A black man who was killed by white supremacists in North Carolina 123 years ago was honored by his descendants during a funeral over the weekend.

Joshua Halsey was memorialized Saturday at Pine Forest Cemetery in Wilmington, where he had been buried in an unmarked grave after being killed by a militant group of white supremacists during the city’s massacre of 1898, the Wilmington Star-News reported.

Halsey was among at least 60 black men who were murdered as a part of a “carefully orchestrated coup” by white supremacist former Confederate soldiers and police officers in Wilmington, which had a multiracial government on Nov. 10, 1898, according to Time magazine.

Halsey and many other black Wilmington residents hid in swamps around the cemetery during the 1898 massacre — known among historians as the only successful coup d’etat in US history.

Grand Lodge members walk the soil to Halsey’s new gravesite, where he was eulogized by the Rev. Dr. William Barber II. Getty Images

A nonprofit group called the Third Person Project discovered Halsey’s grave in October after handwritten maps of the cemetery were digitized. John Jeremiah Sullivan, who worked with the group, said the number of other blacks killed will likely never be known since their bodies were tossed in a river or interred privately elsewhere — possibly in a mass grave, the newspaper reported.

Halsey’s grave was the first to be identified of the massacre victims — and there could be as many as 250 others, Sullivan told CNN. A state report from 1998 marking the 100th anniversary of the massacre formally identified just two of them: Halsey and Samuel McFarland.

“We were in shock, because this is so unprecedented,” one of Halsey’s descendants, Elaine Cynthia Brown, told CNN. “But then we said, ‘You know what? Why not Joshua?’”

Halsey’s funeral was part of a larger scheme of events commemorating the Wilmington massacre’s 123rd anniversary. Getty Images

A horse-drawn hearse carried soil collected from the site of Halsey’s home to Saturday’s funeral, CNN reported. The Rev. William Barber II, a co-founder of the Poor People’s Campaign, a group inspired by the Rev. Martin Luther King Jr., delivered Halsey’s eulogy more than a century after he was murdered.

“We must find the vestiges of systemic racism that are still happening today and that are still going on today,” Barber said. “And we must call them out in Joshua’s name. I’m here to tell you that what killed Joshua is still alive today.”

The funeral was held as part of commemorative events ahead of the massacre’s 123rd anniversary. Barber said during his eulogy that groups in government and media plotted against blacks in Wilmington while being led by the city’s white supremacist mayor, Alfred Moore Waddell.

Armed white men burned down Wilmington’s only black newspaper, the Daily Record, before setting their sights on black residents, CNN reported.

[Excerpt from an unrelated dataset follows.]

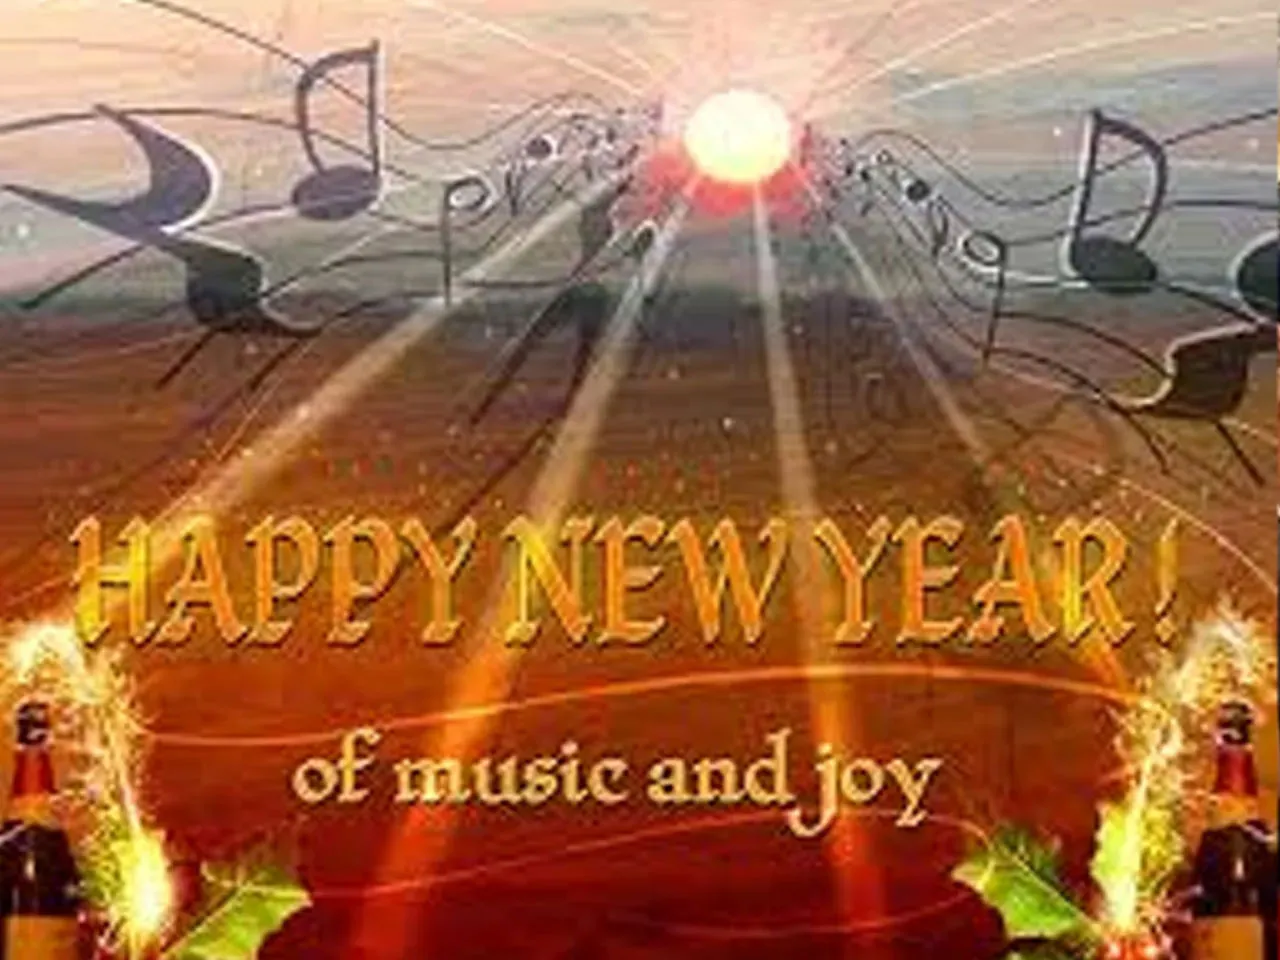 Know some special songs to welcome the new year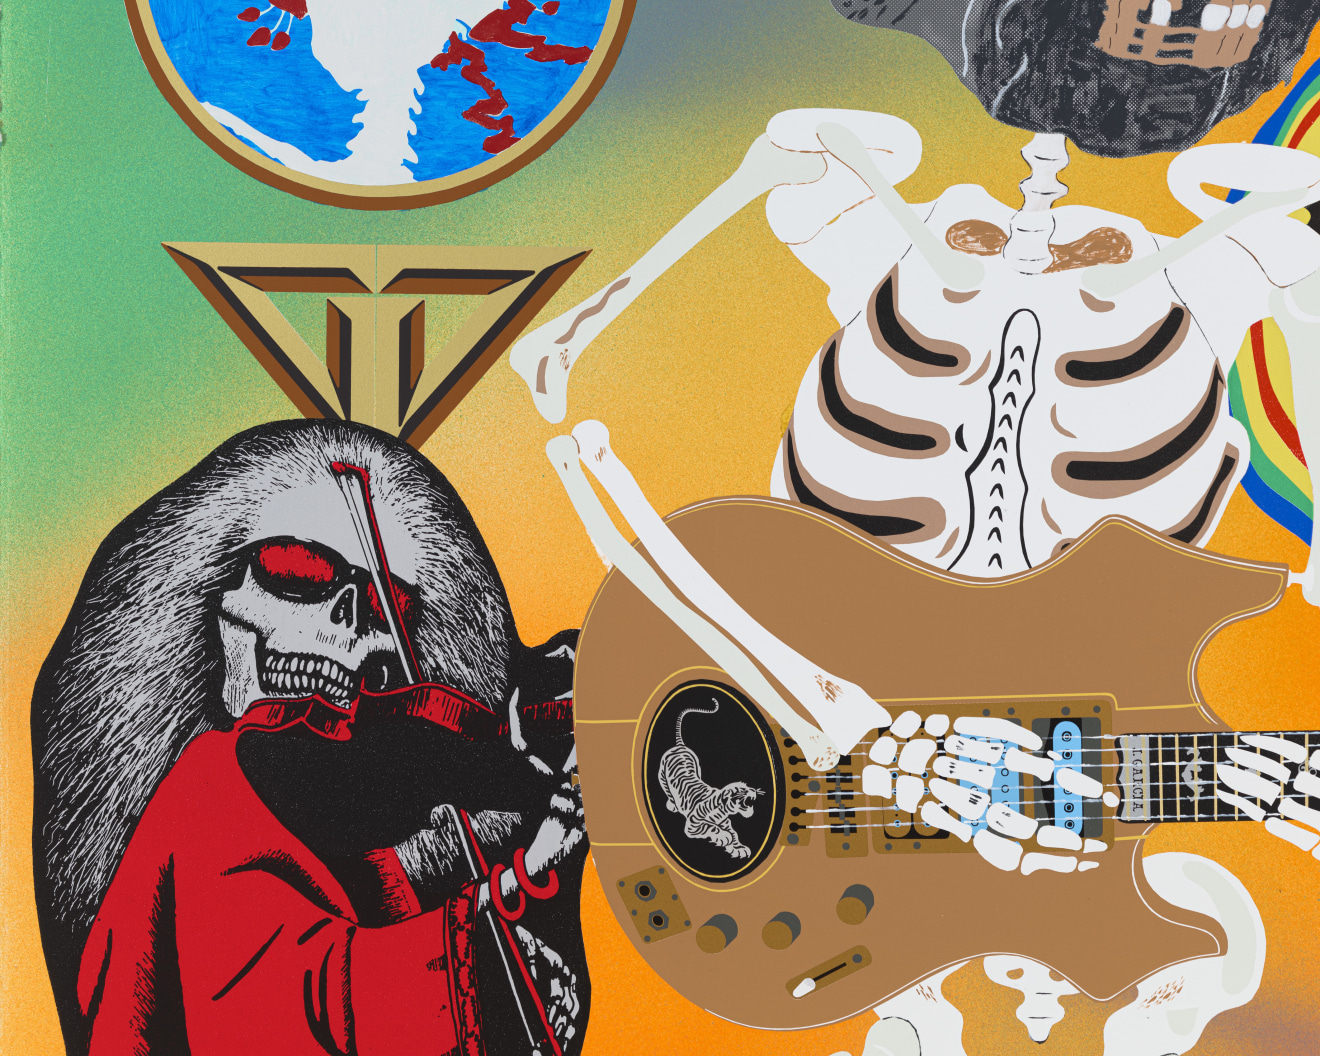 Matthew Brannon, Concerning Nicaragua: On the Road with the Grateful Dead in the 1980s, 2021

A new headstone notes the location of Halsey’s remains, which were previously unmarked. Getty Images

Barber, meanwhile, compared Waddell to former President Donald Trump during his eulogy Saturday, the Star-News reported.

“He was killed by a charismatic, racist orator who went all around the state and country warning people against ‘Negro domination’ and the dangers of white and black people working together,” Barber said. “In other words, he was killed by a man who would have rallies and rev up people at their rallies with his lies. Sound familiar?”

A tombstone was recently placed at Halsey’s gravesite, but cemetery officials have been aware his remains were in the cemetery for some 25 years, Sullivan told the Star-News.

Gwendolyn Alexis, Halsey’s great-granddaughter, told CNN she had no idea her family’s past had been directly tied to the Wilmington massacre.

“And when I found that my great-grandfather was killed, one of the people killed, it took my breath away,” Alexis said. “Because not only did I find family, I found history.”